Immer wieder taucht Darcy zum Cocktail auf und verbreitet akademischen Klatsch, und seine scharfe Zunge ist leichter zu ertragen als Mitleid. Nathan Winter und seine Frau Jean haben gerade ihr erstes Baby bekommen - ein Mädchen namens Allison, und ich soll Patin werden. Ich habe mich aufgerafft und das Taufgeschenk erworben, einen Silberbecher mit ihrem Namen und Geburtsdatum, und habe mir später ein Abendessen bei Browns genehmigt.

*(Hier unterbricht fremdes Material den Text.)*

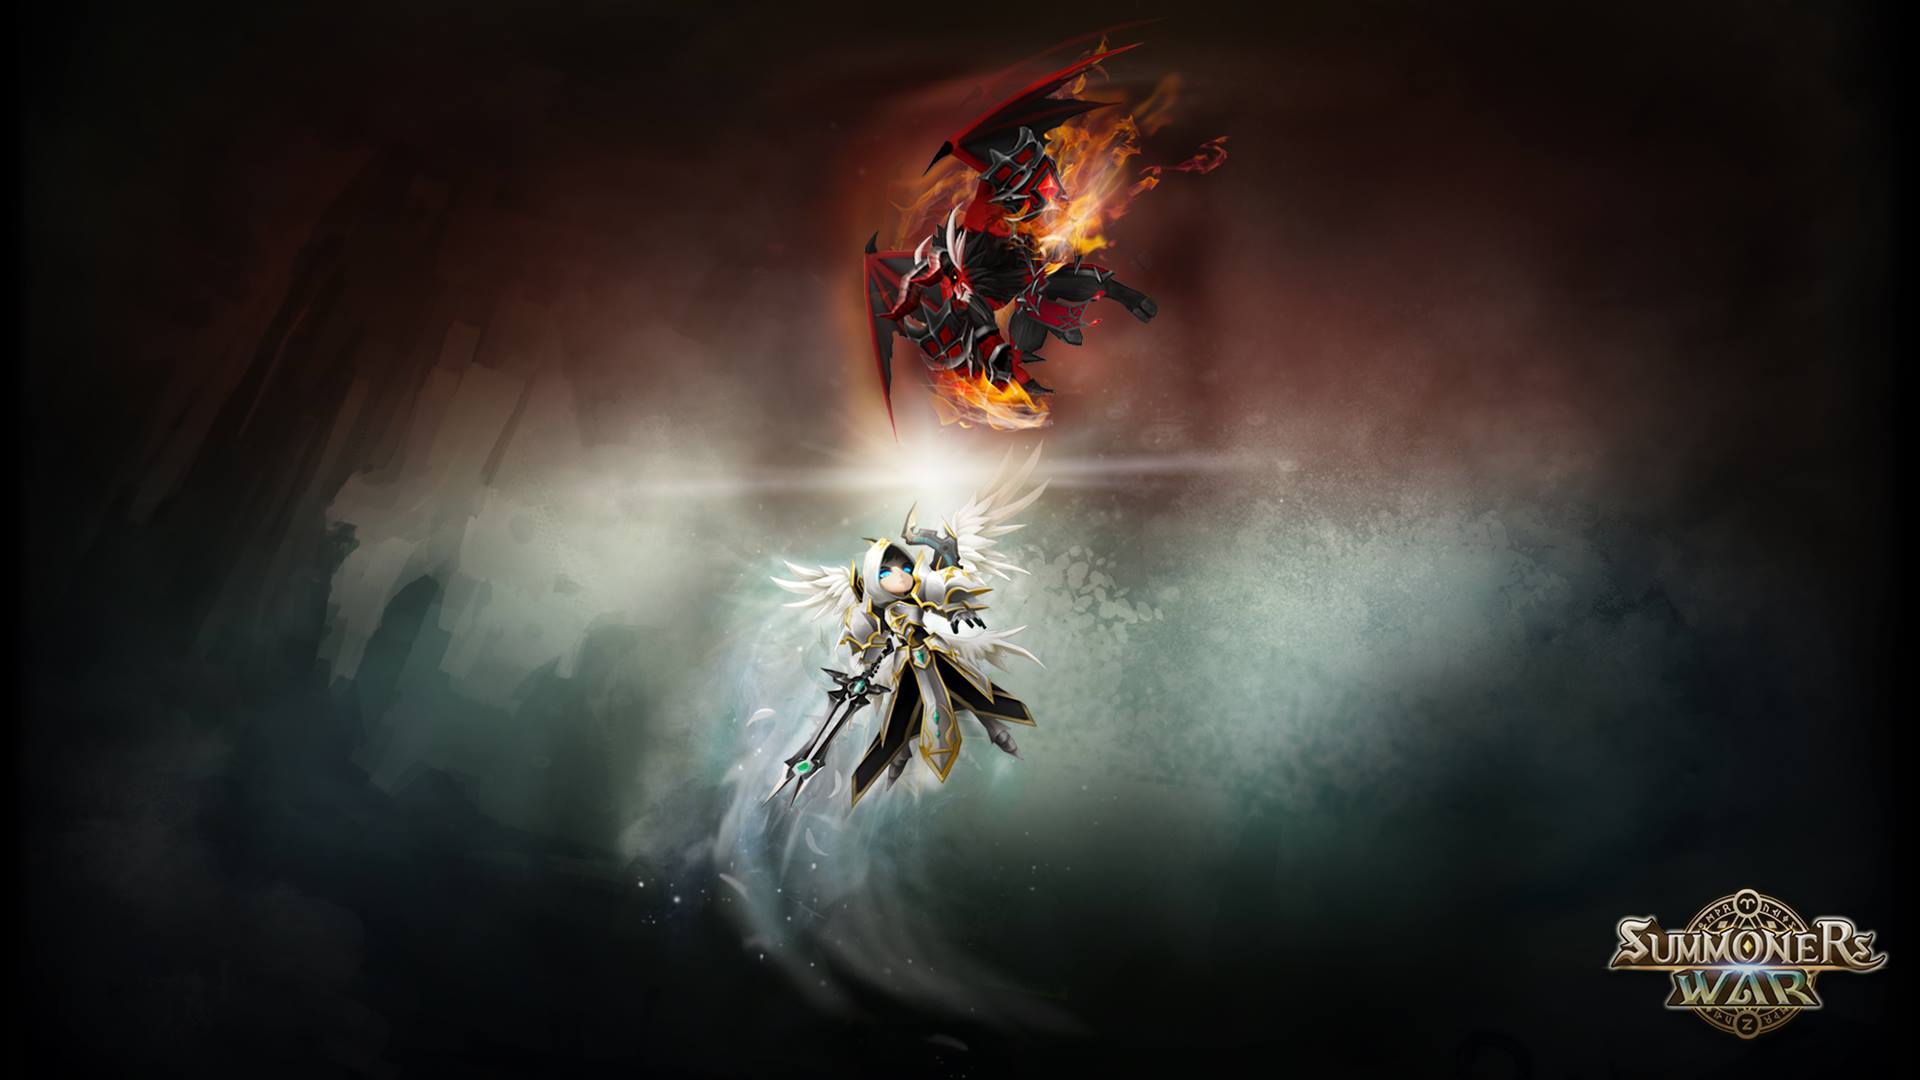 summoners war sky arena hd wallpaper background image on summoners war wallpapers

Daphne ist mein Fels in der Brandung, aber sie mußte sich schließlich wegen der Lehrerstelle in Bedford entscheiden, und ich konnte sie nur dazu ermutigen. Bedford ist eine angesehene Mädchenschule und nur eine Stunde Fahrt entfernt, so daß wir uns weiter an den Wochenenden sehen können. Ein tröstlicher Gedanke.
Alles Liebe, Lydia
Kincaid bat Gemma, Laura Miller anzurufen, um sich zu erkundigen, wo sie Darcy Eliot an seinen Wochenenden finden konnten. Sie schickte sie zum All Saints’ College. »Er bewohnt dort seit einer Ewigkeit dieselben Räumlichkeiten«, klärte Laura sie auf. »Ich habe die männlichen Professoren immer um die Möglichkeit beneidet, ihr Domizil im College aufzuschlagen. Sie werden dort verköstigt, bedient und hängen am collegeeigenen Weinvorrat wie am Tropf. Darcy hat aus diesem Grund nie geheiratet - seiner Ansicht nach hätte er sich nur verschlechtern können«, fügte sie lachend hinzu und legte auf.

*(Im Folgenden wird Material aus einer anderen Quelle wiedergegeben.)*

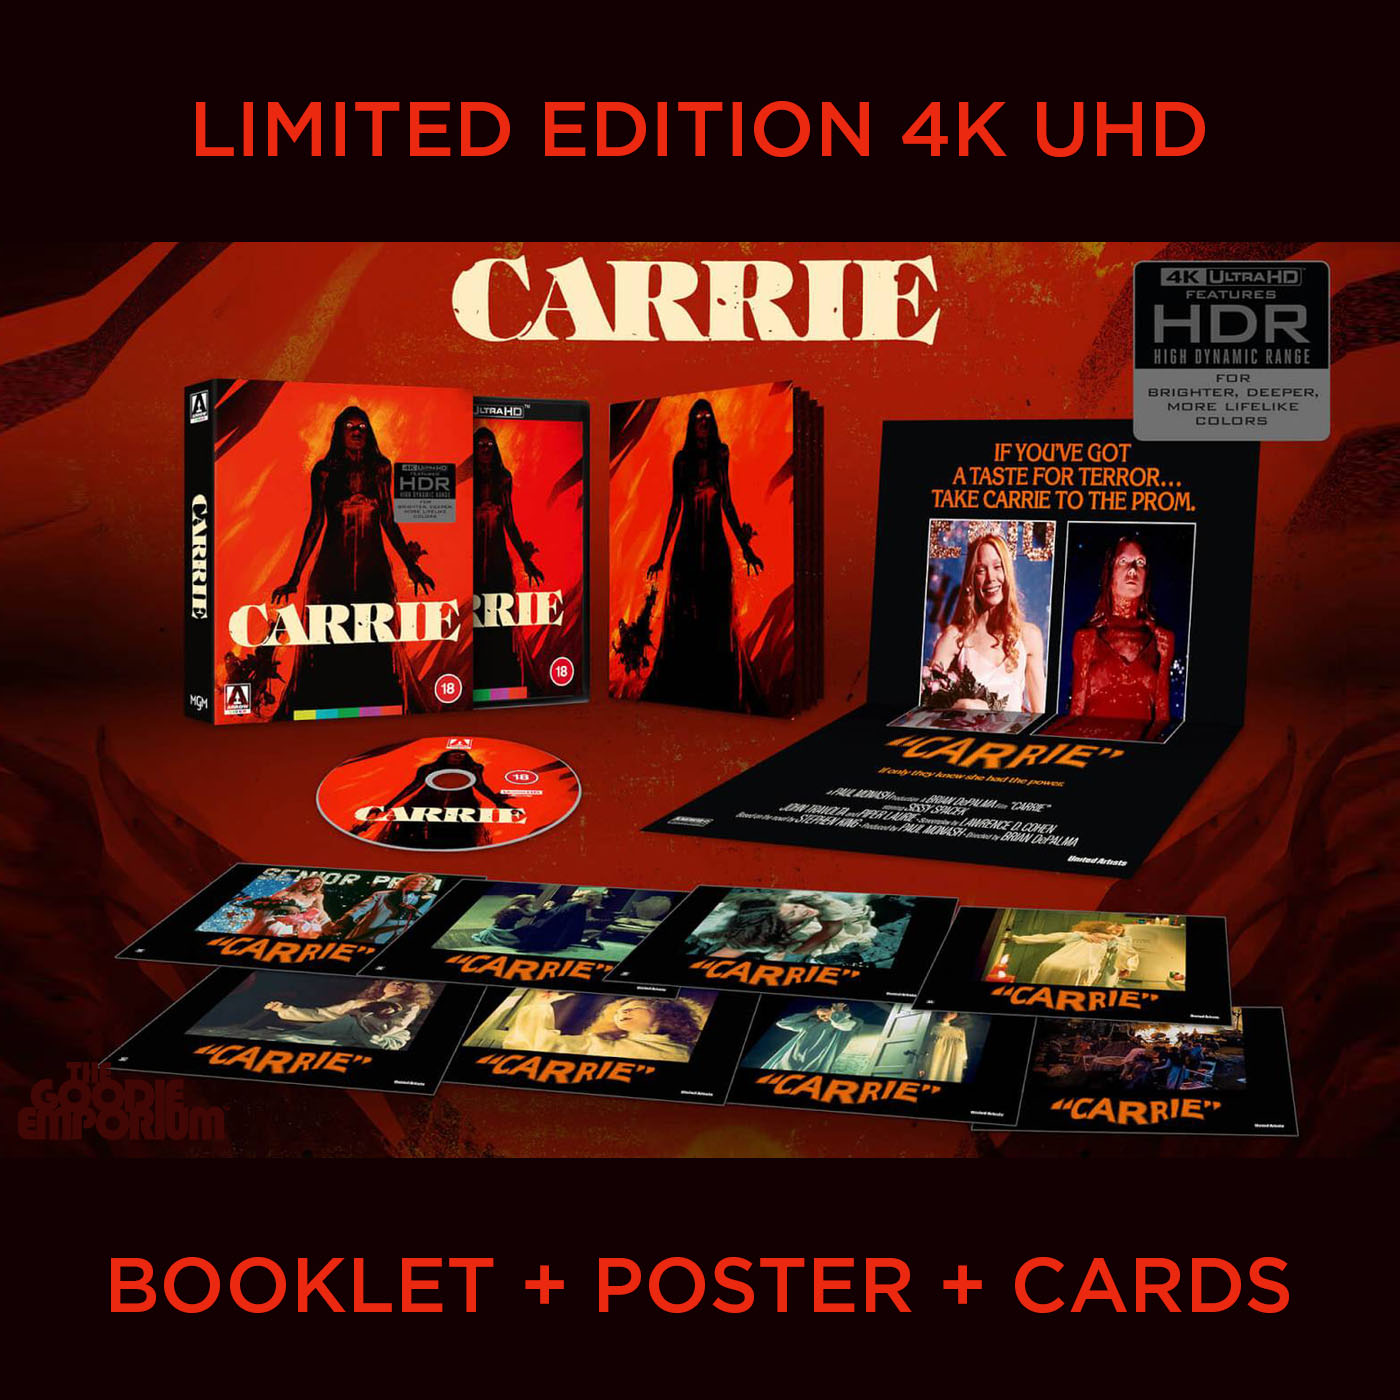 Carrie Brian De Palma Stephen King 1976 UHD 4K Arrow Films Ultra HD Blu-ray UK

Gemma und Kincaid betraten die Portiersloge und wurden zur Rückseite des Collegegebäudes dirigiert. Gemma ging langsam. Sie war sich Kincaids Ungeduld wohl bewußt, ignorierte sie jedoch. Sie warfeinen Blick auf den Faltplan, den sie Vom Portier bekommen hatte, und sah dann zu den vier Gebäudetrakten hinüber, die den Hof umschlossen. »Das ist der Haupthof«, sagte sie. »Und hier links muß der Durchgang zur Kapelle sein. Wir gehen hier durch« - sie deutete auf das vor ihnen liegende Gebäude - »und kommen auf der anderen Seite wieder raus.«
Als sie dort angelangt waren, blieb sie stehen und studierte erneut den Plan.
»Gemma ...« kam es ungeduldig von Kincaid.
»Schon gut.« Sie führte ihn über den Rasen und an den Gebäuden entlang, die sich zu ihrer Rechten halbmondförmig an den öffentlichen Park anschlossen und an der Mauer über der Cam endeten.